When Upstash is configured, rate limits are shared across all serverless instances. This is the recommended configuration for production.

In-Memory (fallback)

When no Upstash configuration is found, rate limiting falls back to an in-memory store. This works for single-instance deployments and local development but does not share state across serverless instances.

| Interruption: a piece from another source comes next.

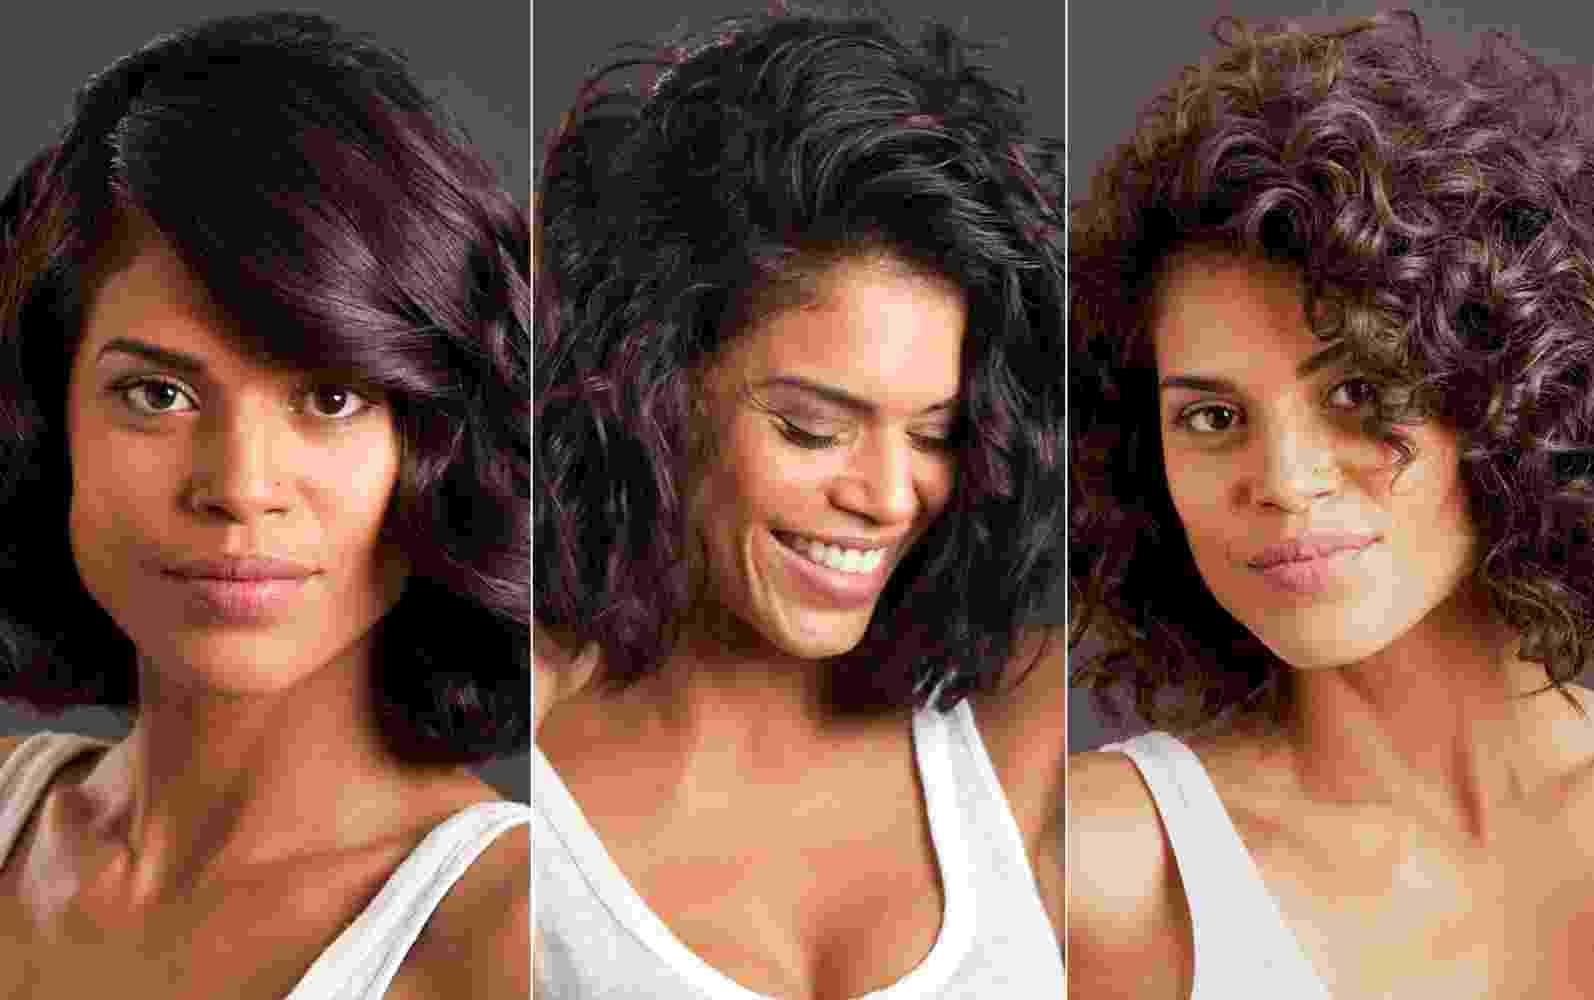 Ondas em alta: aprenda a fazer os três cabelos da moda, com poucos produtos - Fabiano Cerchiari/UOL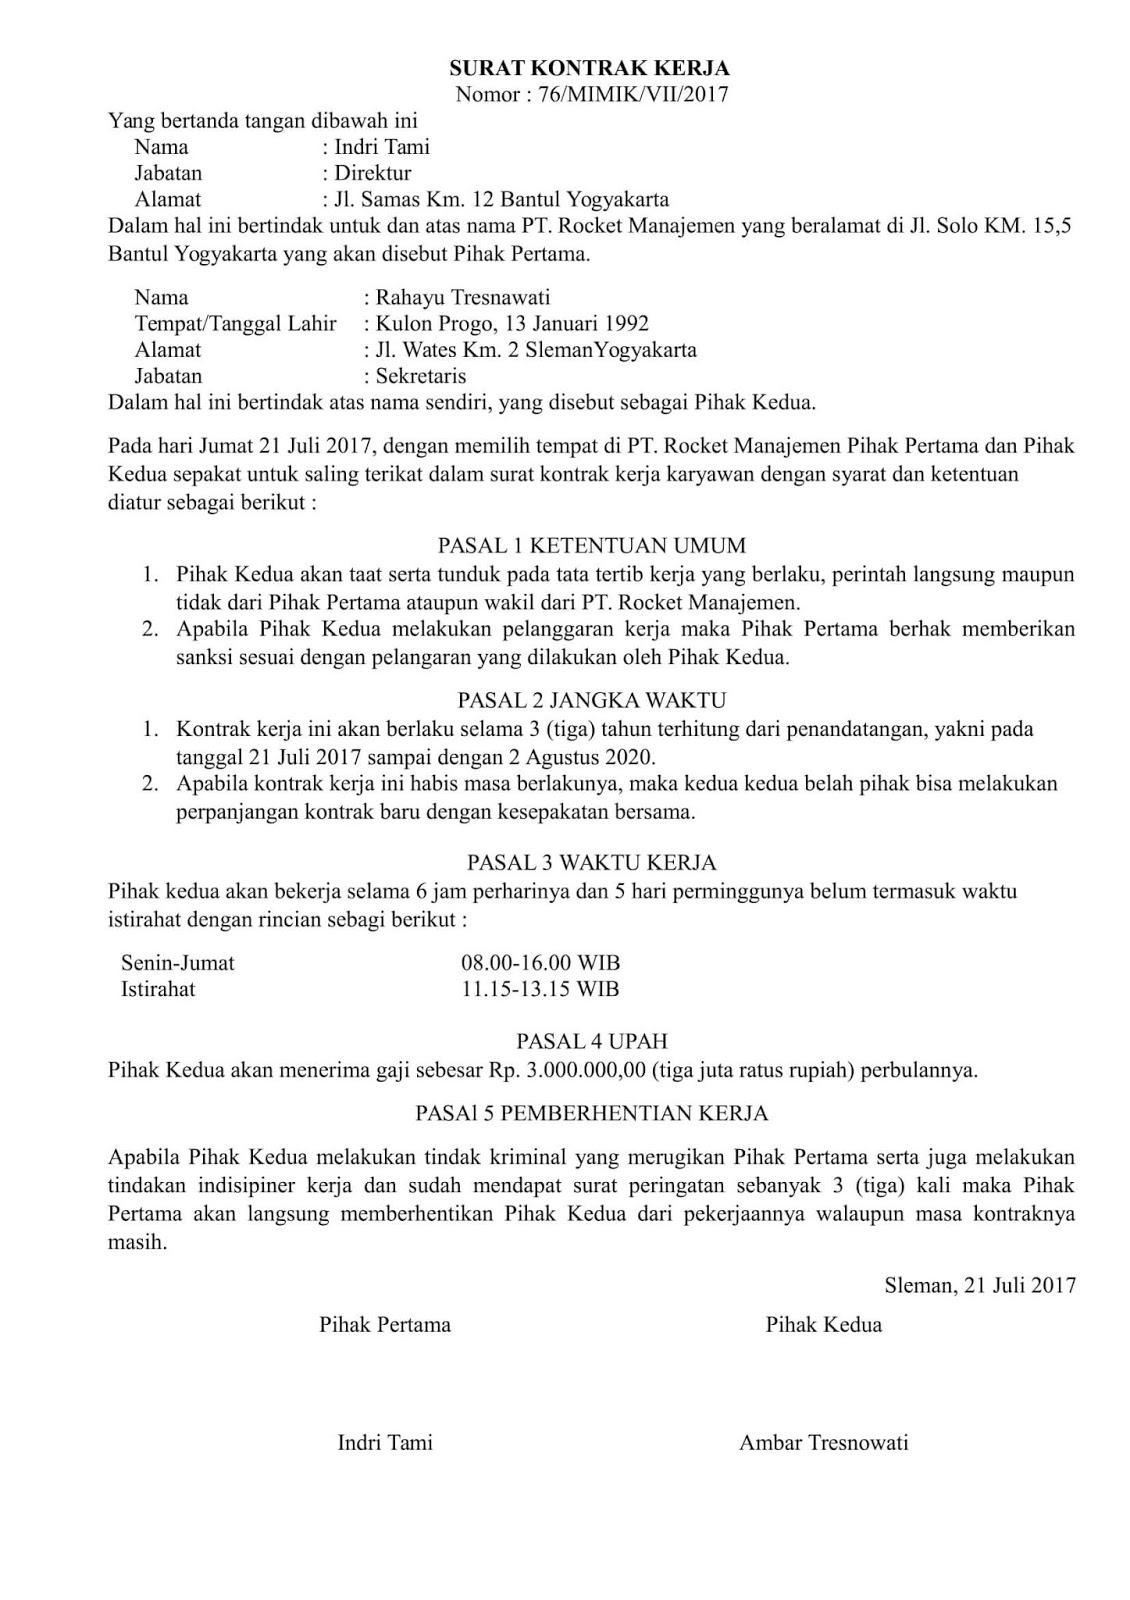 Contoh Surat Perjanjian Kontrak Kerja Karyawan Swasta

Handling Rate Limits in Your Application

Exponential Backoff

async function evaluateWithRetry(flagKey: string, maxRetries = 3) {
  for (let attempt = 0; attempt <= maxRetries; attempt++) {
    const response = await fetch('/api/flags/evaluate', {
      method: 'POST',
      body: JSON.stringify({ flagKey, serviceId: 'web-app', defaultValue: false }),
    })
 
    if (response.status !== 429) return response.json()
 
    const retryAfter = parseInt(response.headers.get('Retry-After') || '1')
    const delay = retryAfter * 1000 * Math.pow(2, attempt)
    await new Promise(r => setTimeout(r, delay))
  }
 
  throw new Error('Rate limited after max retries')
}

Use SDK Caching

The SDKs cache evaluations locally. With caching enabled, you'll make far fewer API calls:

const client = createFlaggr({
  serviceId: 'web-app',
  cacheTtl: 10000, // Cache for 10 seconds
})

Use Bulk Evaluation

Instead of evaluating flags one at a time, use bulk evaluation to fetch multiple flags in a single request:

POST /api/connect/bulk-evaluate
 
{
  "serviceId": "web-app",
  "flagKeys": ["checkout-v2", "dark-mode", "new-pricing"],
  "context": { "targetingKey": "user-123" }
}

Use Streaming

SSE and gRPC streaming provide flag values pushed from the server, avoiding repeated evaluation calls entirely:

const provider = new FlaggrWebProvider({
  enableStreaming: true,
  serviceId: 'web-app',
})

Monitoring

Rate limit metrics are available via the Prometheus endpoint:

flaggr_http_request_duration_seconds{status="429"} // Rate-limited requests

Check the Alerting page for built-in alerts that fire when error rates (including 429s) exceed thresholds.